As shown in the present results of the on-chip ELISA, a quantitative measurement on a size of 3 mm×3 mm was enabled. Thus, it is possible to perform the quantitative and highly sensitive measurement on the size of approximately two glass slides equivalent to that in one 96-well microplate.
Furthermore, in the on-chip fluorescence immunoassay, it could be monitored that NFκB was specifically bound to the PRD II sequence on the chip onto which nine spots of the double-stranded DNA had been immobilized at a size of 3 mm×3 mm by making the transcription chip having the microarrayed double-stranded DNA (FIG. 12).
(C) Detection and Identification of Transcription Factor Using MALDI-TOF MS
It becomes possible to detect and identify the unknown protein or analyze post-translational modification, which can not be detected by ELISA, by detecting the protein using the mass spectrometer.

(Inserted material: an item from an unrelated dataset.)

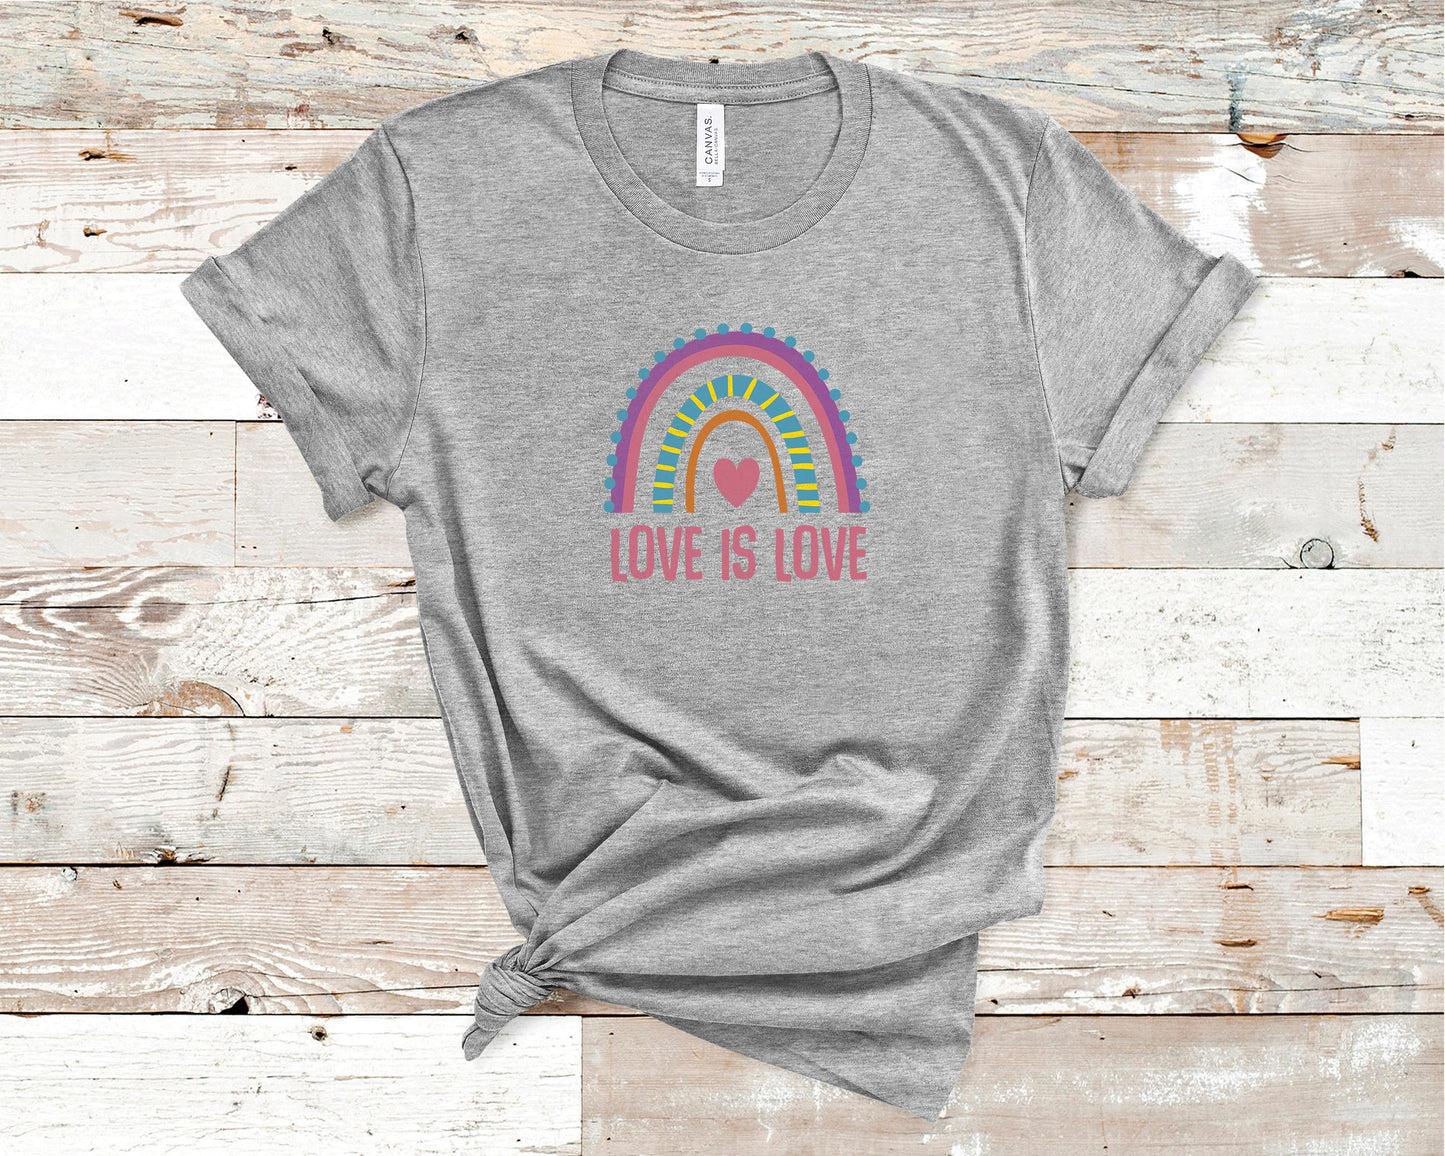 Love Is Love - LGBTQ

At present, a protein chip system using SELDI-TOF MS from Ciphergen is commercially available, and the protein chip to which the antibody has been immobilized using this system has been developed, but it is not sufficient in terms of throughput property and accuracy of mass analysis.
Meanwhile, with respect to the transcription chip to which the DNA has been immobilized, generally, the molecular weights of the transcription factors are often about 50,000, and it has been difficult to identify from the mass information by the current accuracy of the mass spectrometer. Thus, it was speculated that if a system using a diamond (DLC) chip capable of immobilizing the DNA at high density and MALDI-TOF MS using the peptide mass fingerprint method by trypsin digestion was used, the mass information of the transcription factor molecule could be directly acquired from the chip, and the detection system was made. As a result, the transcription factor could be detected and identified directly on the chip for the first time (FIG. 18). In addition, by combining with the tandem mass spectrum analysis, it became possible to detect and identify the transcription factor captured on the chip (FIG. 21).
According to the present invention, the profiling of many transcription factors is realized by the on-chip ELISA using the highly sensitive transcription chip, it is possible to sensitively detect and quantify the transcription factor in the culture cell extract and the tissue, and it is possible to use the above as tools for screening, predicting the toxicity at the drug discovery or diagnostic information.
Also, it is possible to directly identify the transcription factor on the chip using the peptide mass fingerprint method. Furthermore, the tandem mass spectrum analysis was possible, and thus, it is possible to identify the transcription factor in the sample comprising the impurities.
It is possible to detect and identify the transcription factor with keeping sensitivity and accuracy equivalent to or more than those of the conventional MALDI plate by the use of the transcription chip (FIG. 19) corresponding to a focus position of ionized laser.
According to the present invention, it is possible to efficiently profile the transcription factor.